▽
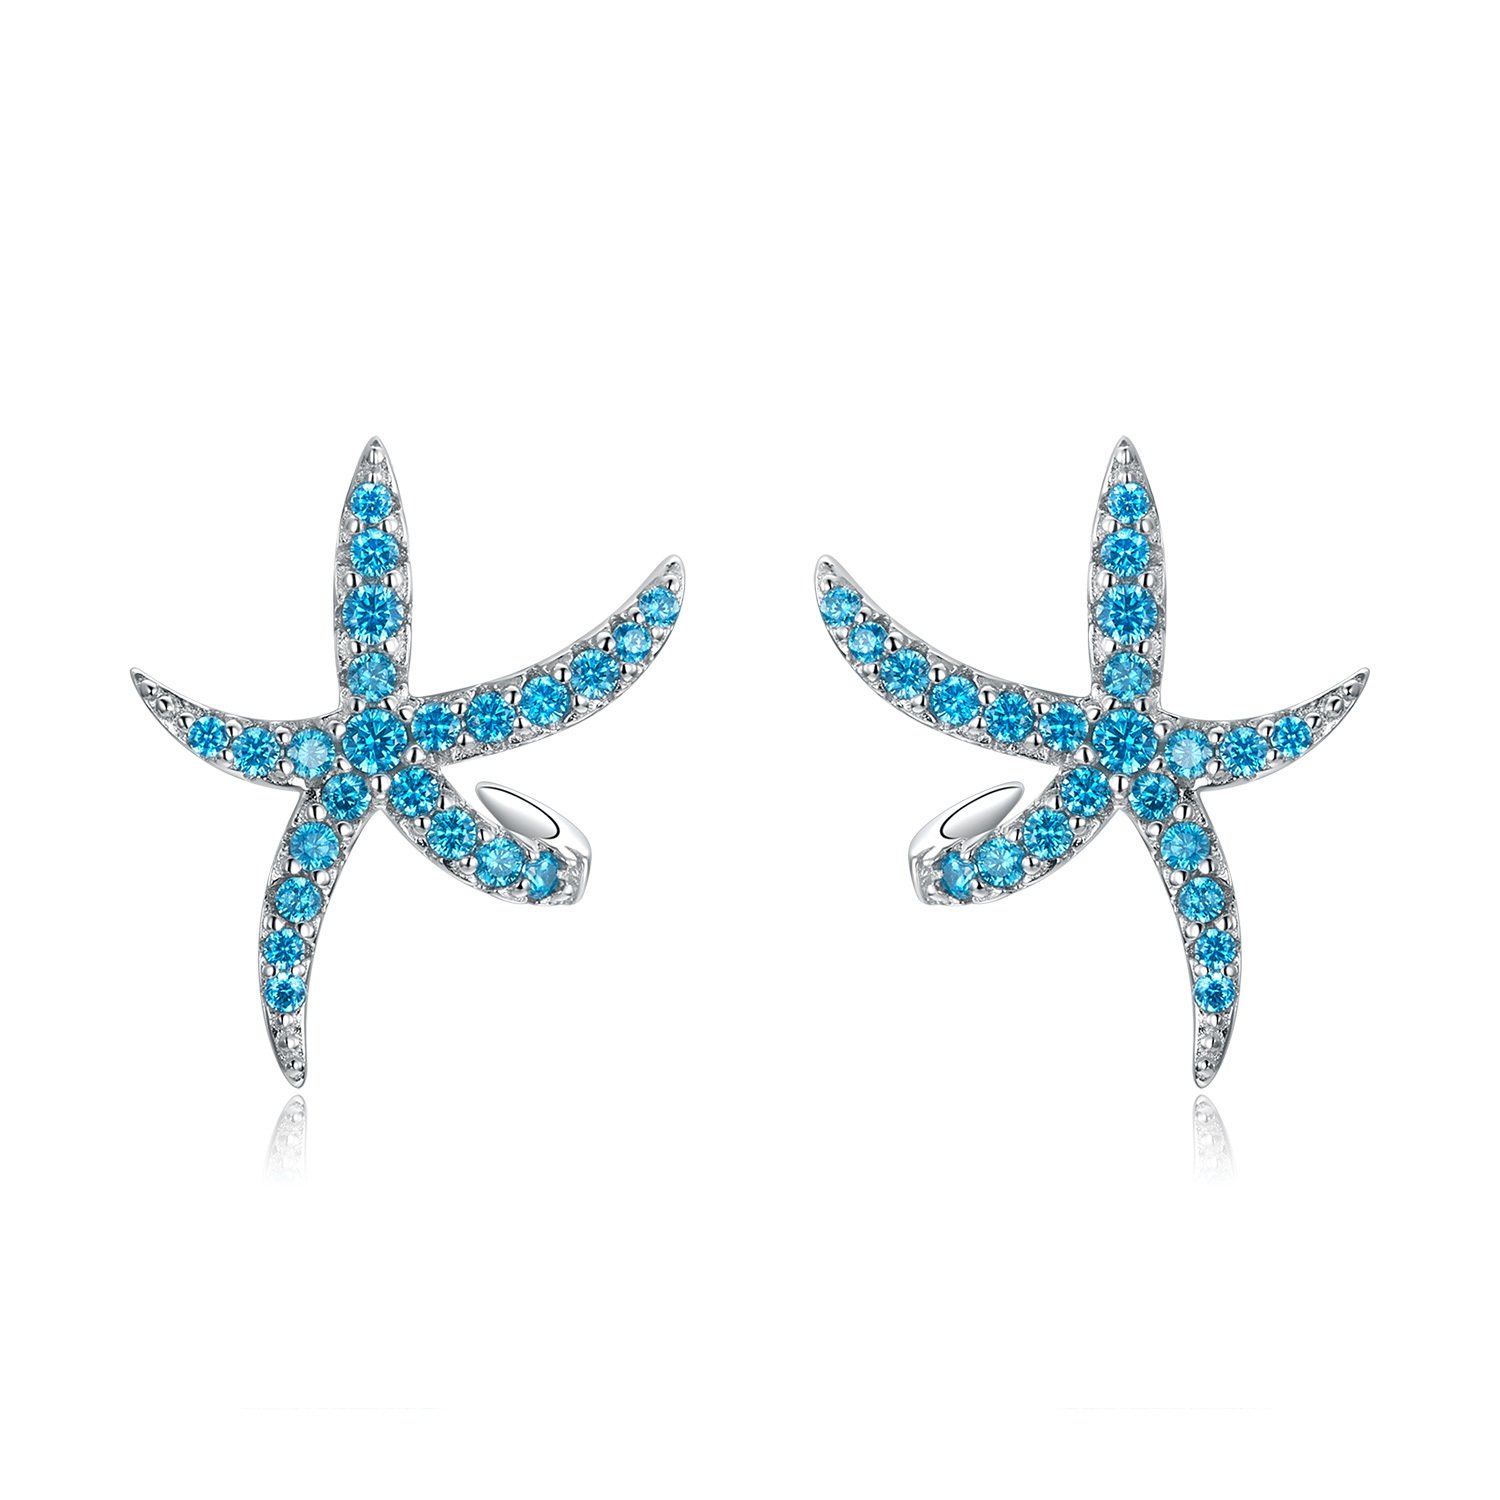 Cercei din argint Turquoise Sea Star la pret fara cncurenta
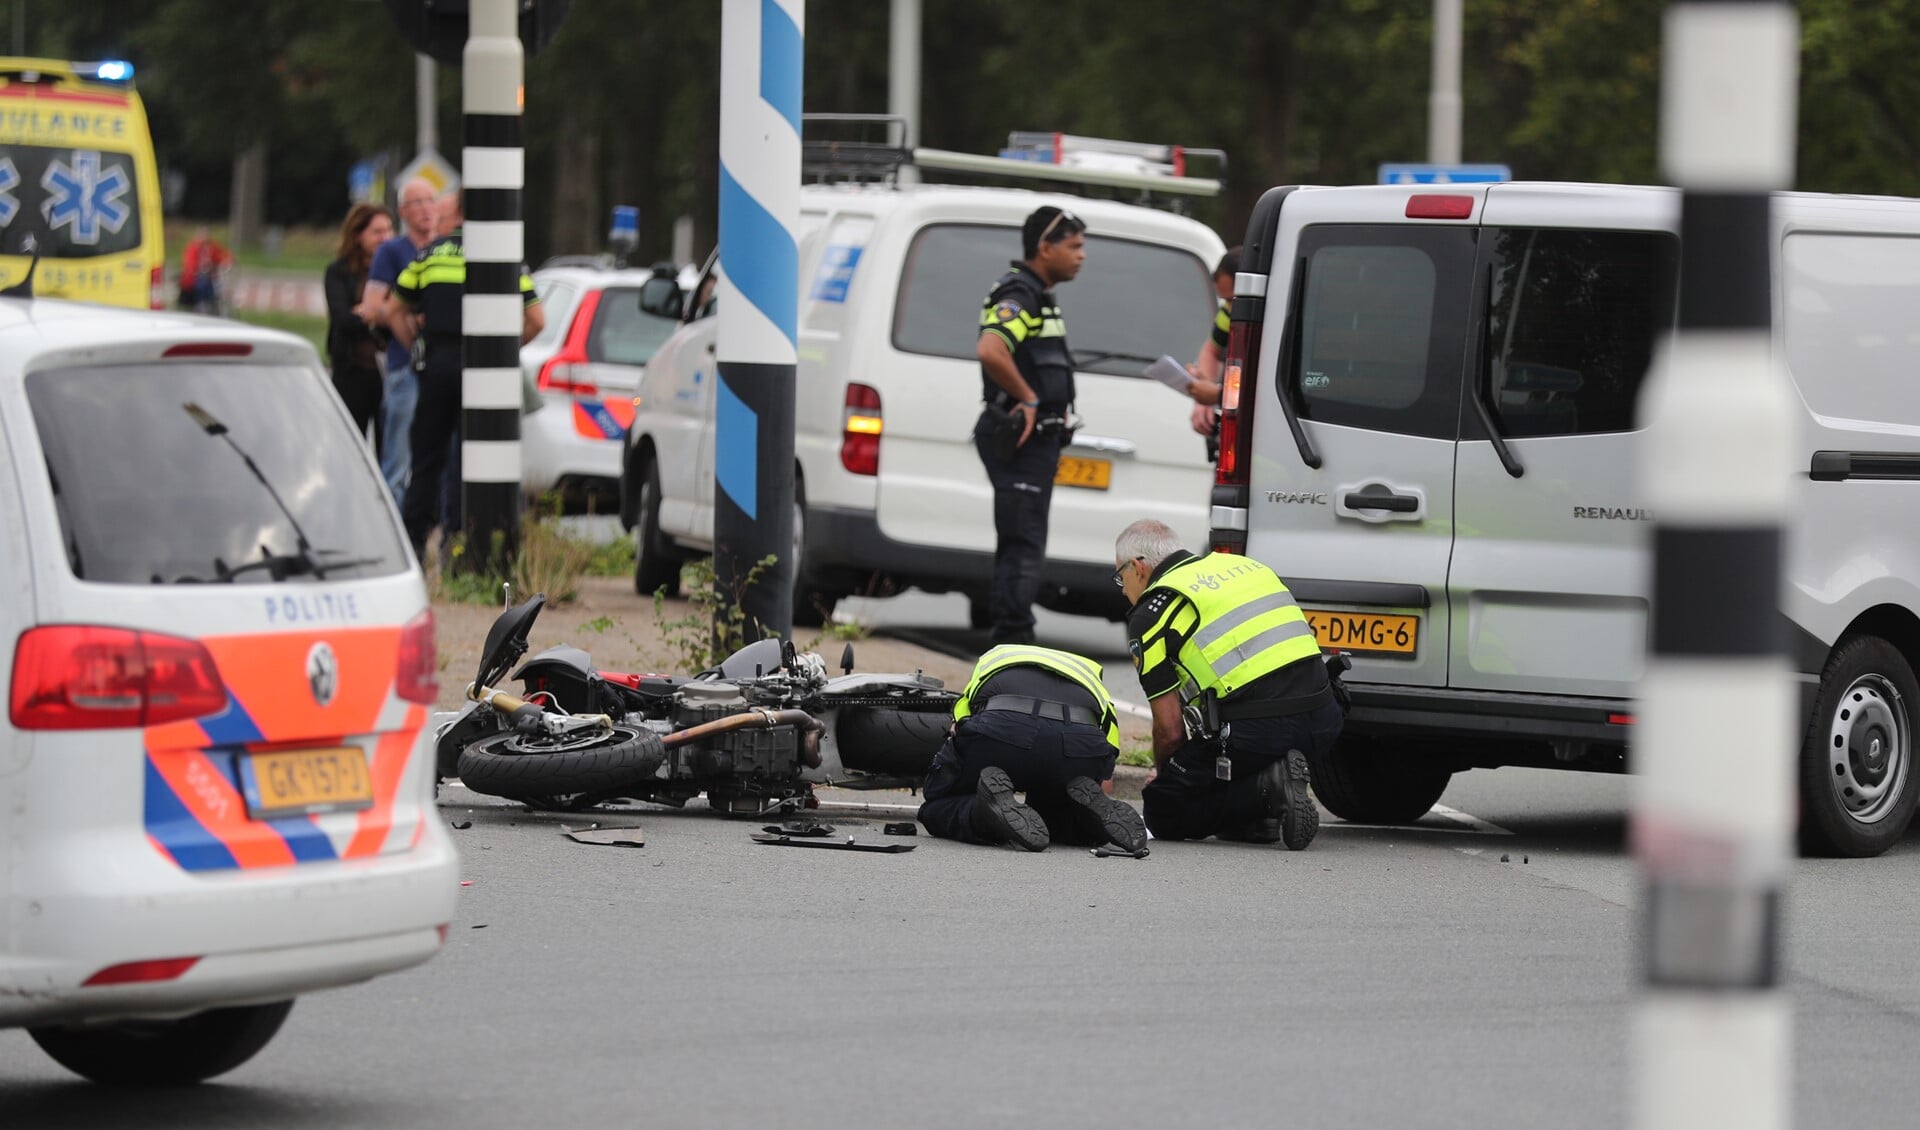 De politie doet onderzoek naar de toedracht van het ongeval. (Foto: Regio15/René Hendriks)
△
▽
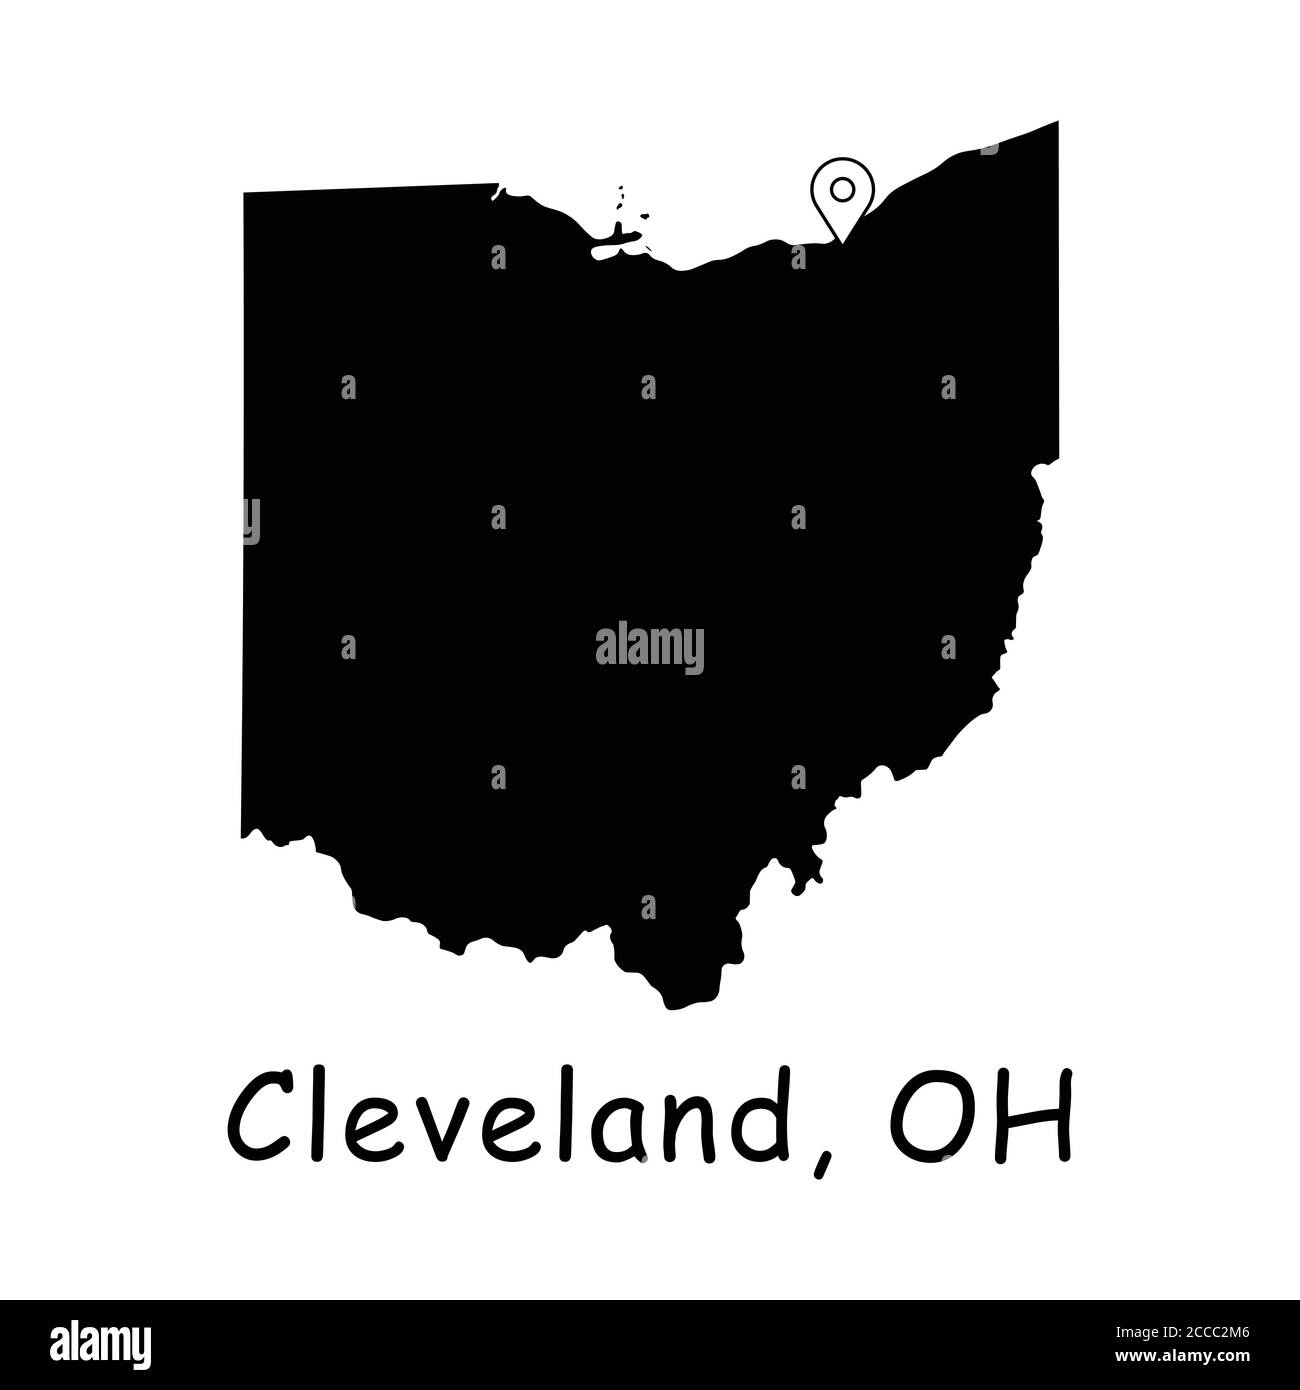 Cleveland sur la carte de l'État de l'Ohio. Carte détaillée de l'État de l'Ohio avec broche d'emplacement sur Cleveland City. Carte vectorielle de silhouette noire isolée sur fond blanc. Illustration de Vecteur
△
▽
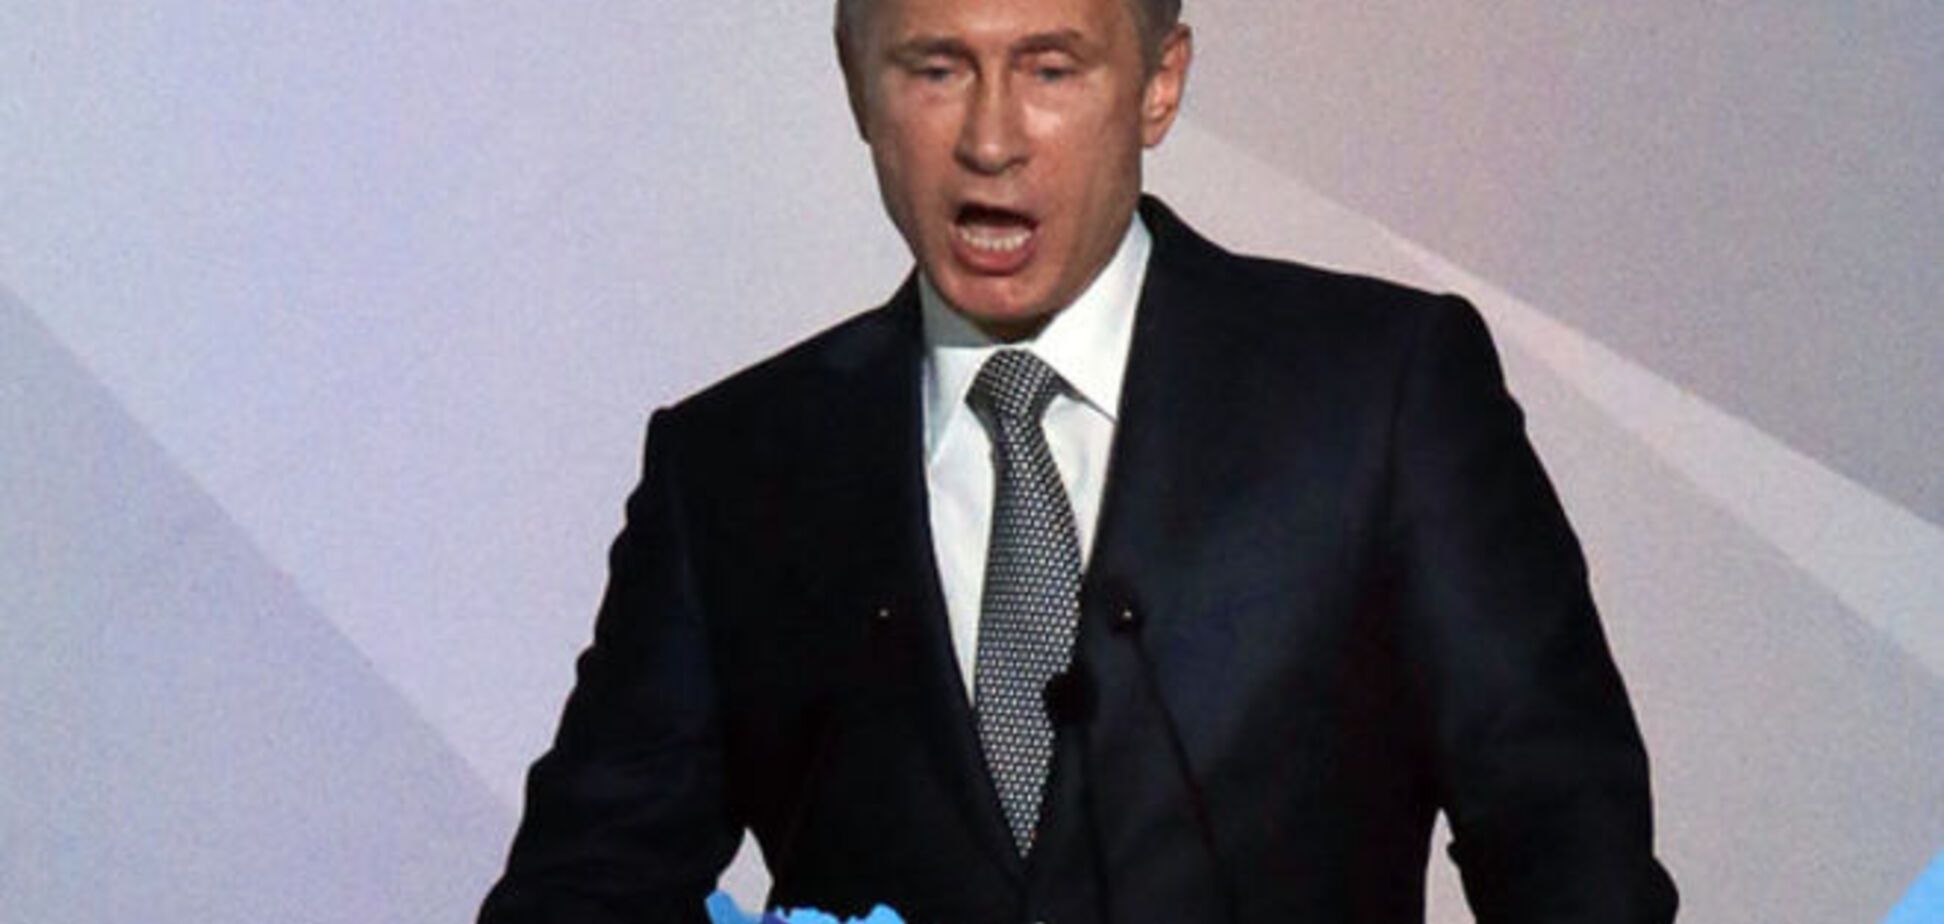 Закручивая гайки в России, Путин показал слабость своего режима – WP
△
Output only the lines above from the one containing "Cercei din argint" to the one containing "De politie doet", both included, exactly as written and with no pictures.

 Cercei din argint Turquoise Sea Star la pret fara cncurenta
 De politie doet onderzoek naar de toedracht van het ongeval. (Foto: Regio15/René Hendriks)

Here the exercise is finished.